14 Want zo spreekt Jahweh der heirscharen, Israëls God: Een ijzeren juk leg ik om de nek van al deze volken, om ze dienstbaar te maken aan Nabukodonosor, den koning van Babel; ze zullen hem dienen; zelfs de wilde beesten heb Ik in zijn macht geleverd!
Thi saa siger den Herre Zebaoth, Israels Gud: Jeg har lagt et Jernaag paa alle disse Folks Hals, at de maa tjene Nebukadnezar, Kongen af Babel, og de skulle tjene ham; ogsaa de vilde Dyr paa Marken har jeg givet ham.
15 En tot den profeet Chananja zelf sprak de profeet Jeremias: Luister Chananja; Jahweh heeft u niet gezonden, maar gij hebt de verwachting van dit volk op leugens gegrond.
Og Profeten Jeremias sagde til Profeten Hananias: Hør dog, Hananias!

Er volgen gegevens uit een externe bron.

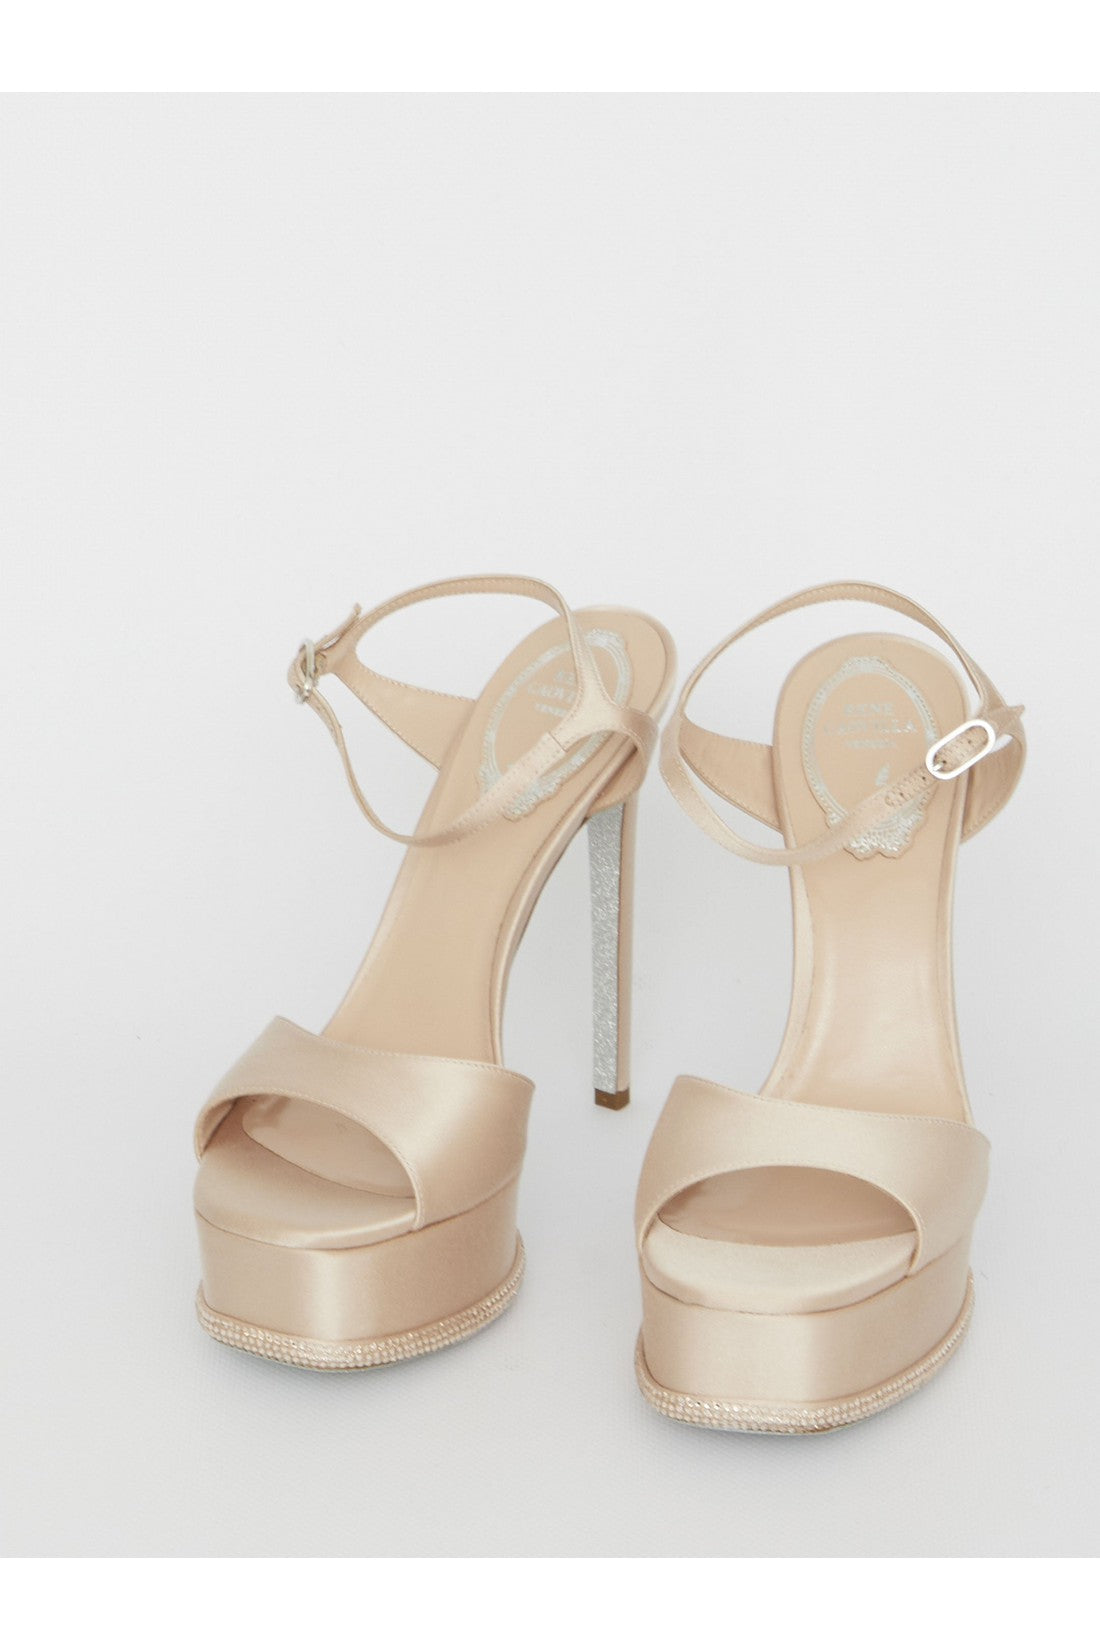 Anastasia sandals

Herren har ikke sendt dig, og du har faaet dette Folk til at forlade sig paa Løgn.
16 Daarom spreekt Jahweh: Ik stoot u van de aarde weg; eer het jaar voorbij is, zult ge sterven; want ge hebt opstand tegen Jahweh gepreekt.
Derfor, saa siger Herren: Se, jeg vil sende dig bort fra Jordens Kreds; i dette Aar skal du dø, thi du har prædiket Frafald fra Herren.
17 En de profeet Chananja stierf nog in hetzelfde jaar in de zevende maand.
Saa døde Profeten Hananias i det samme Aar, i den syvende Maaned.